• **PROBLEM REQUIREMENTS**
An exact transcript is required of the lines below, from the one containing "Create Birthday Party Invitations" through the very last; leave every picture out of it.

• **GIVEN DATA**
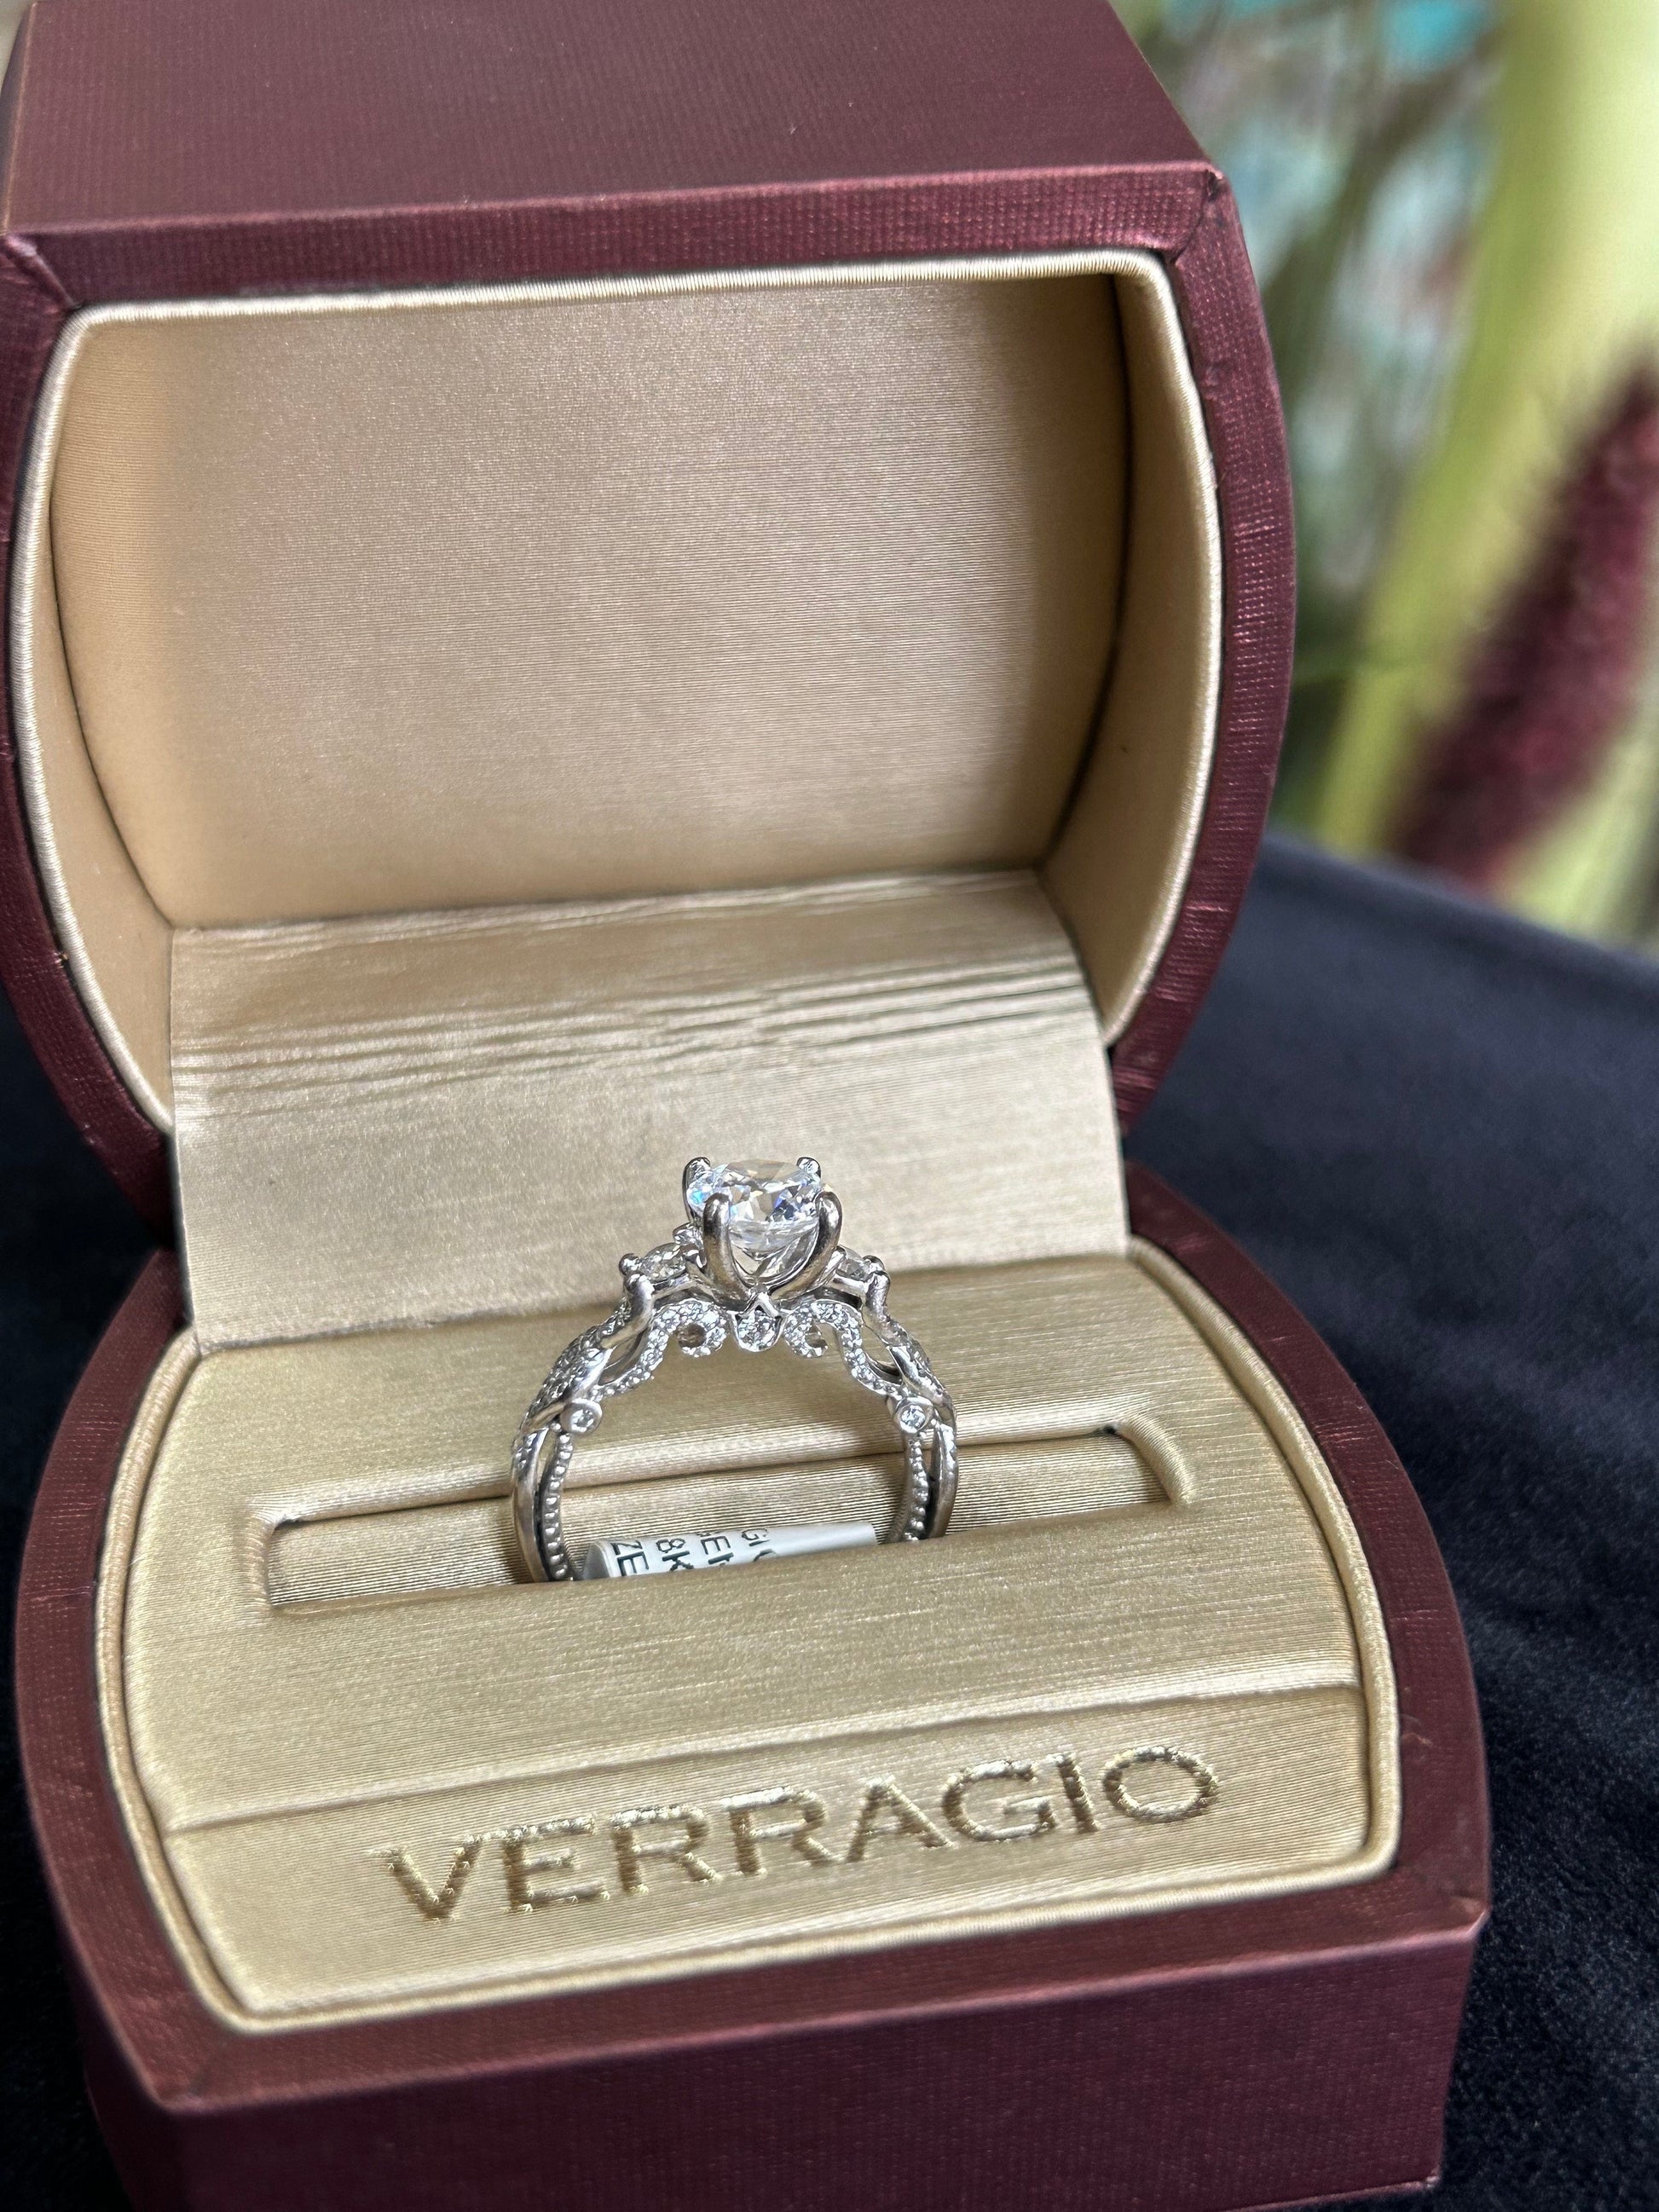 Verragio 18kt Engagement Ring White Gold Synthetic Center Stone
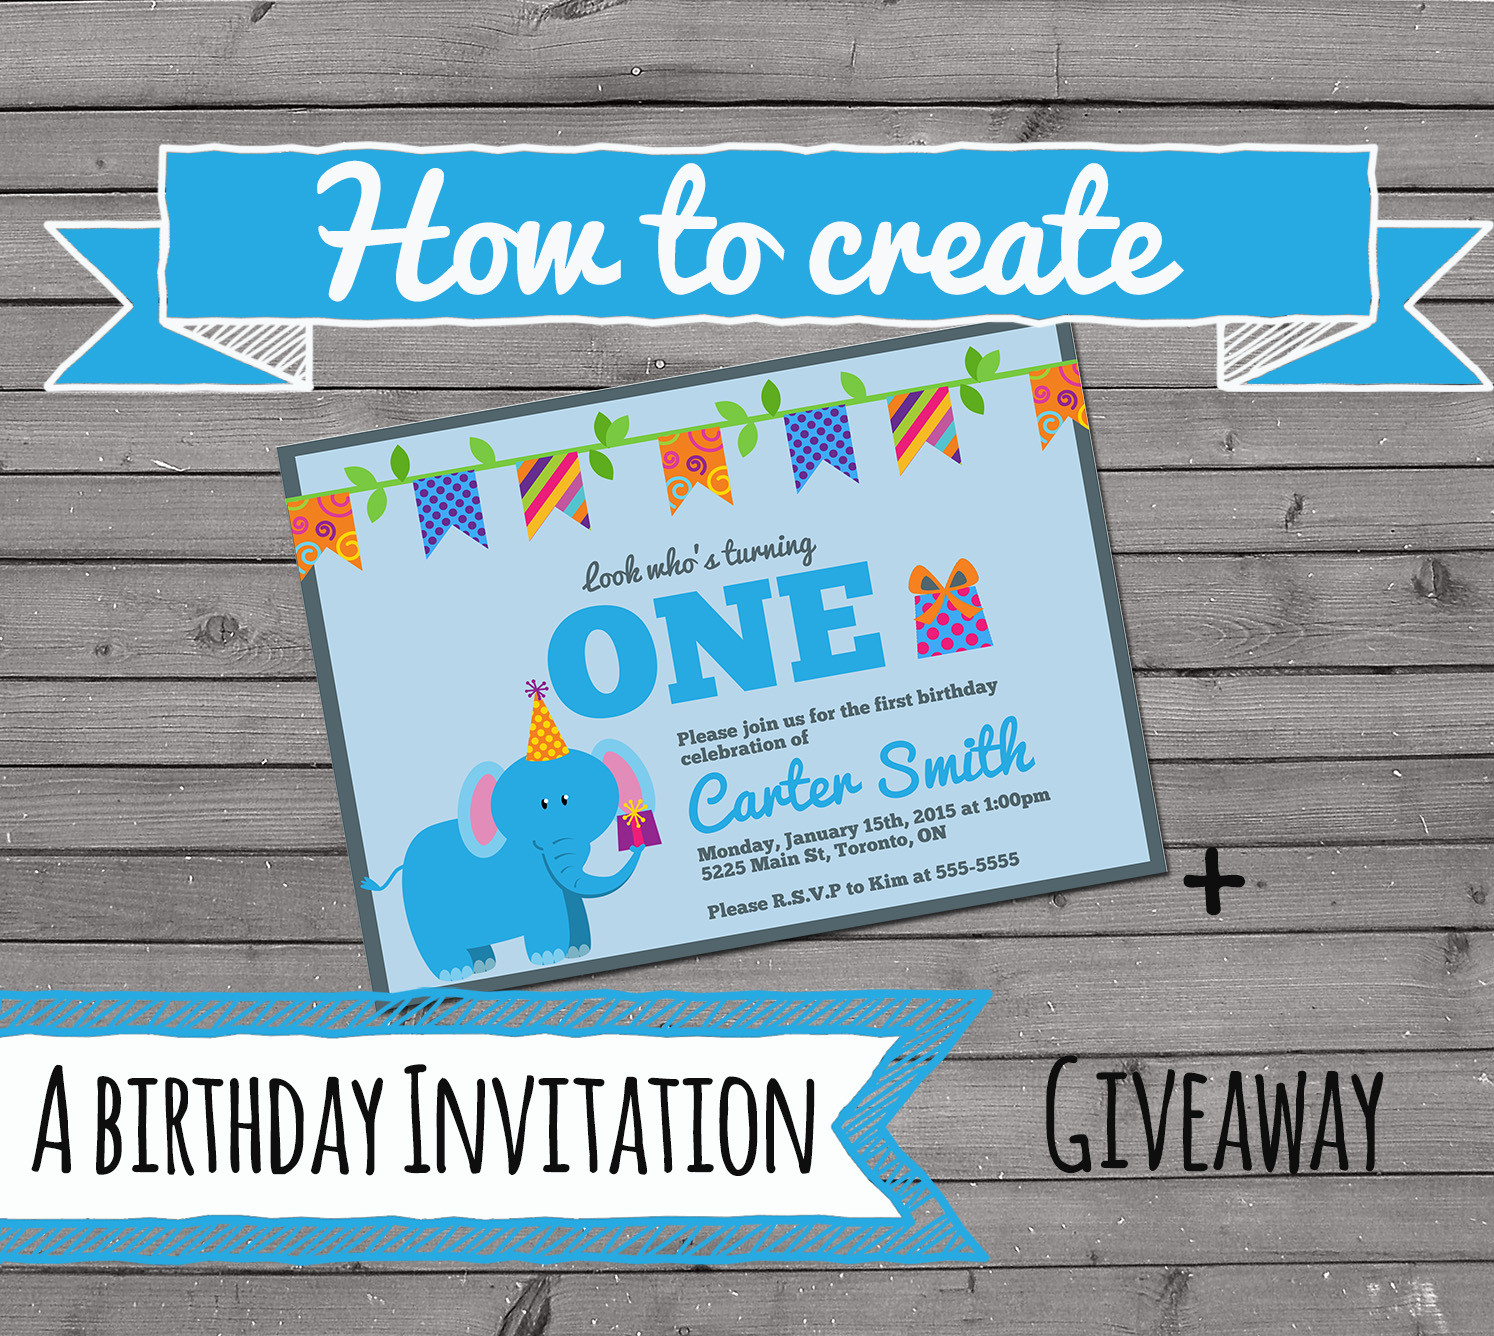 Create Birthday Party Invitations
 How to Create an Invitation The Best Ideas for Kids

• **EXERCISE SOLUTION**
 Create Birthday Party Invitations
 How to Create an Invitation The Best Ideas for Kids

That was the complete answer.